As my story unfolds, there came a need to enter formal, long-term therapy. I was separated from my husband, and living on my own for the first time in my life. When I told my parents that I was going into therapy, my father was quick to tell me that therapy was only for crazy people. I explained that I disagreed and planned to seek treatment. From that point on, I was labeled as weak, unstable, and misguided. I was the last to know when issues affected family members. Information regarding their situations was withheld from me because I was too unstable to handle it. "Don’t tell Lori-ellen, it will make her freak out," I heard my sister say.

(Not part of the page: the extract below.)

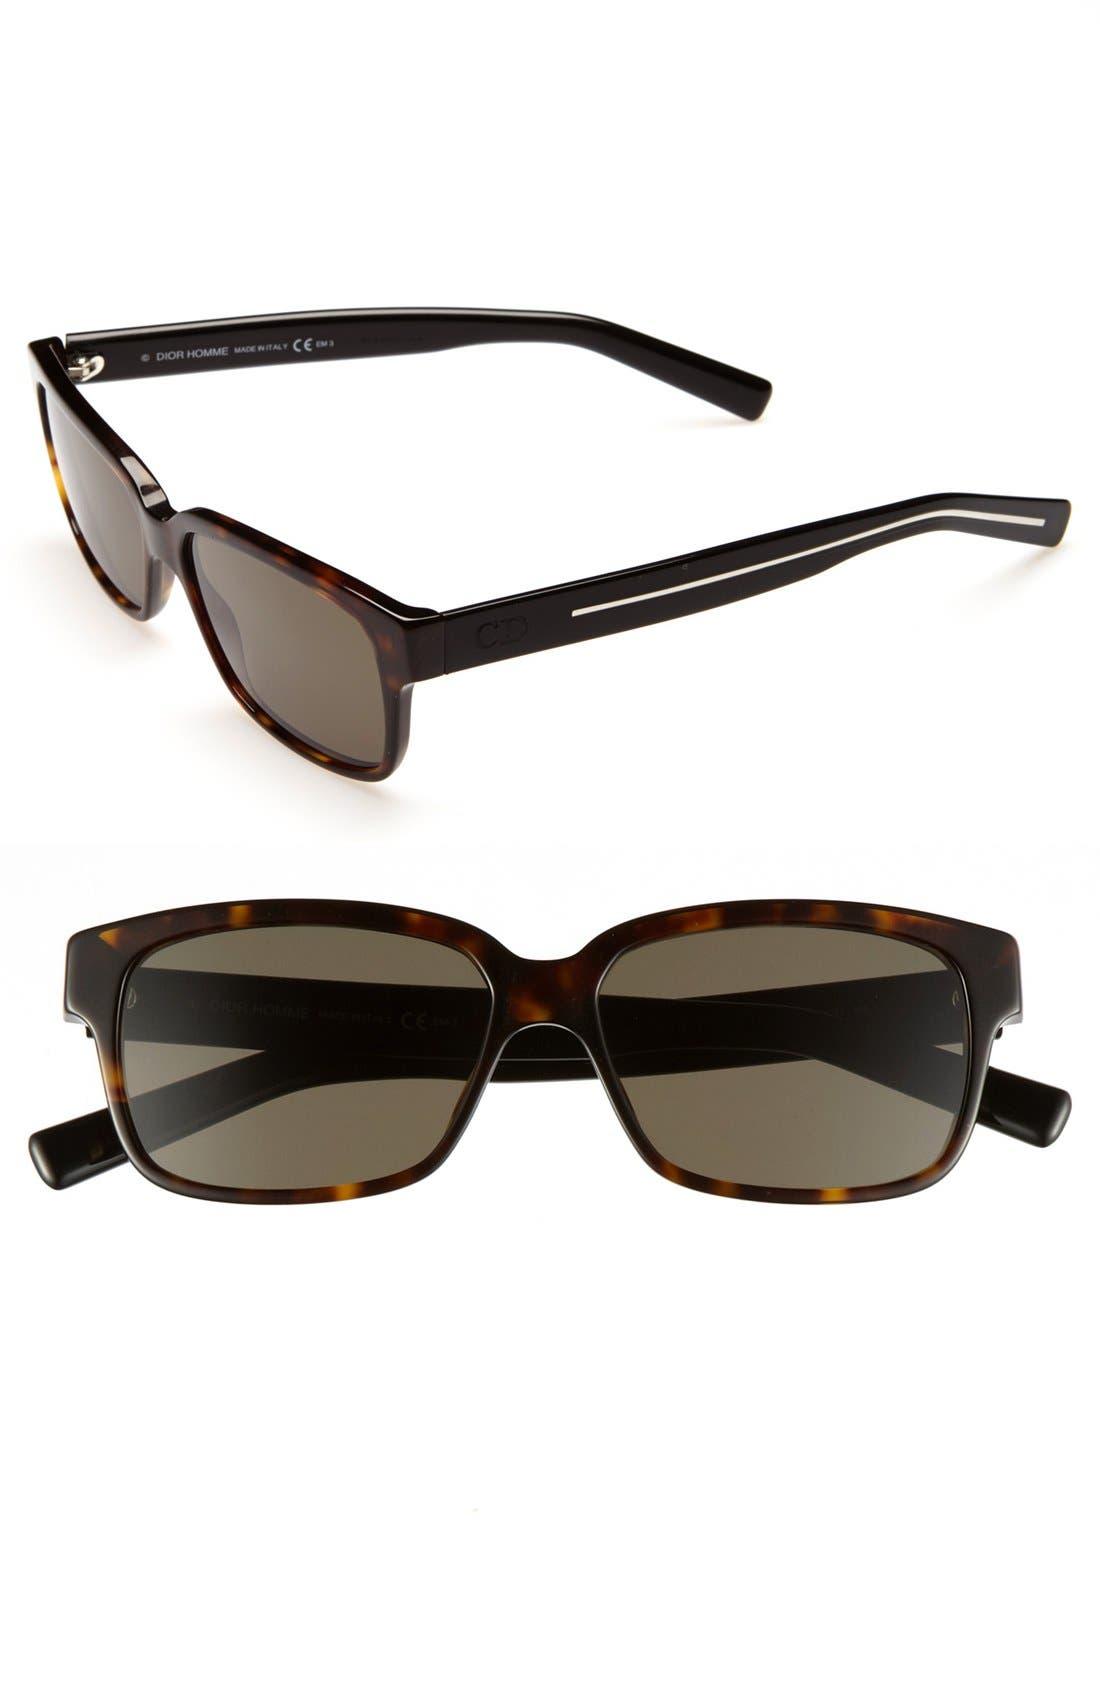 Alternate Image 1 Selected - Christian Dior '148S' 54mm Sunglasses
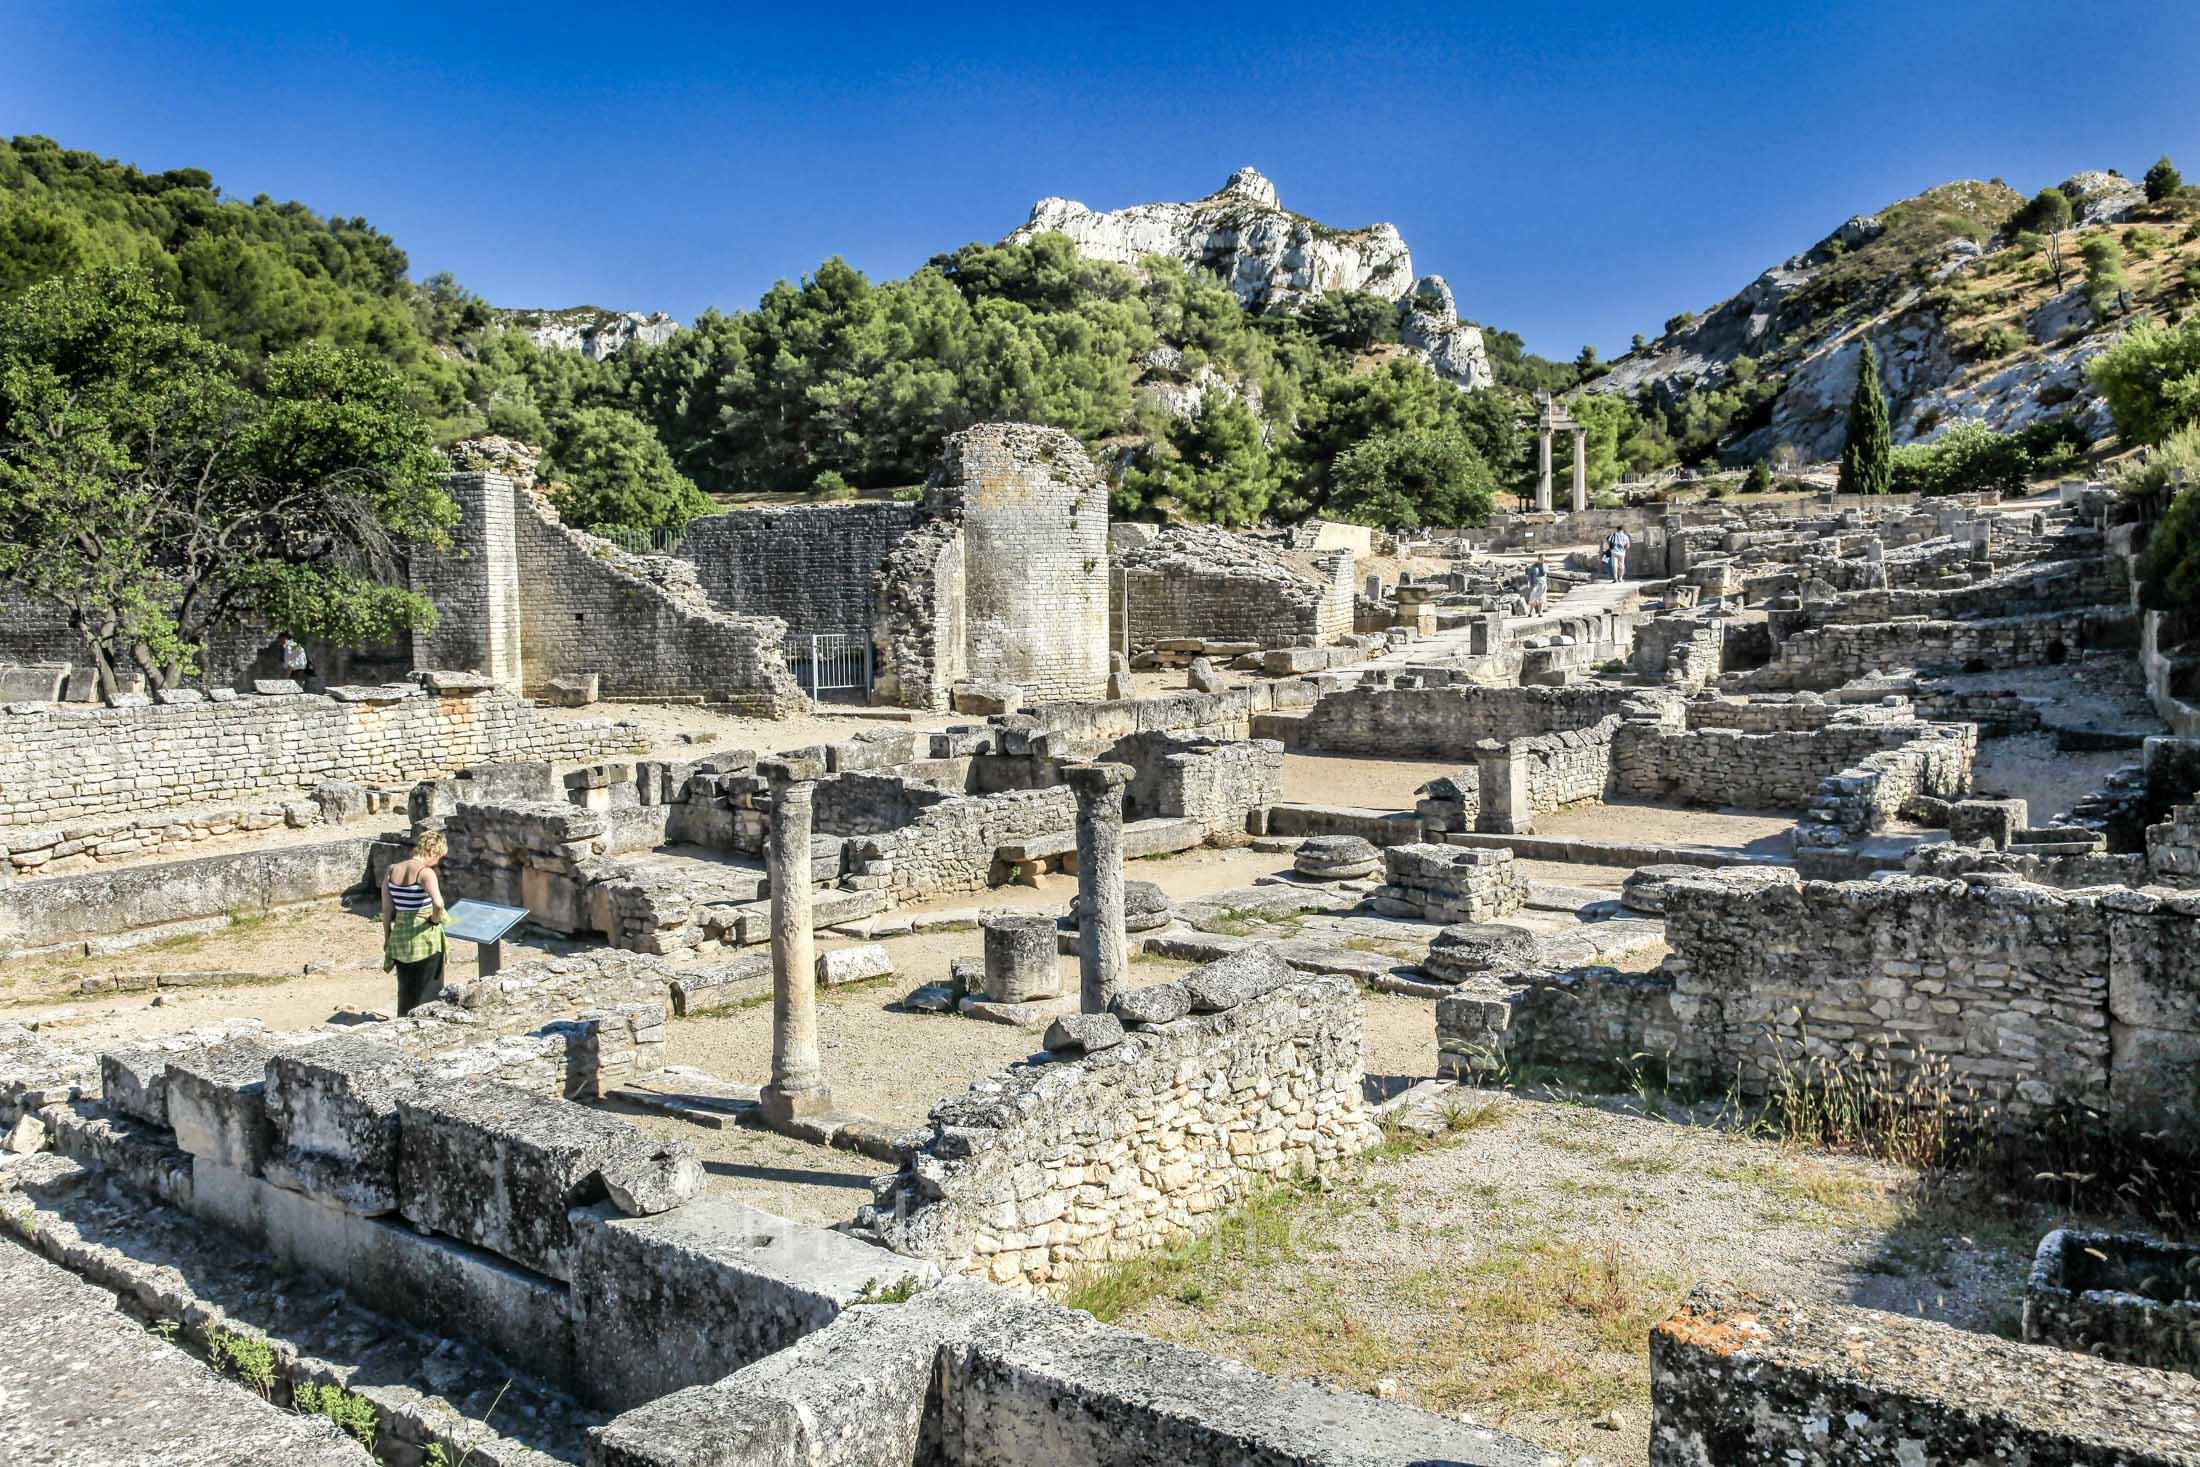 Roman remains at Glanum

This attitude did not help me much, but nonetheless I continued my journey. I knew from a very early age that education was my ticket out of the nightmare of living with the people I held responsible for my pain and misery, and so I pursued it with a vengeance. I proceeded to obtain a master’s degree, sixty credits beyond my master’s in education, a doctoral degree in modern psychoanalysis and psychotherapy, and certification as a school administrator and supervisor from New York State.
With each graduation, my status within the family grew. They no longer believed therapy was only for the weak, and that I was unable to cope with stress or family issues. I was the only child to graduate from higher education. My siblings left college for their own reasons. I would like to think that it was my perseverance and determination that changed their perceptions of me. What I do know is that once I completed my doctoral degree, my family’s perception of my abilities and strengths changed dramatically. I was no longer weak in their eyes, but competent, and successful. They put aside their feelings about therapy and medication as they saw me thrive and succeed.
In November 1997, my parents moved to Florida. I became the matriarch of the family in New York. If there was a problem, the family said, "Call Lori-ellen for help." I think it an incredible change from the place I held in the family as a child growing up. You will witness this transformation as my journey unfolds.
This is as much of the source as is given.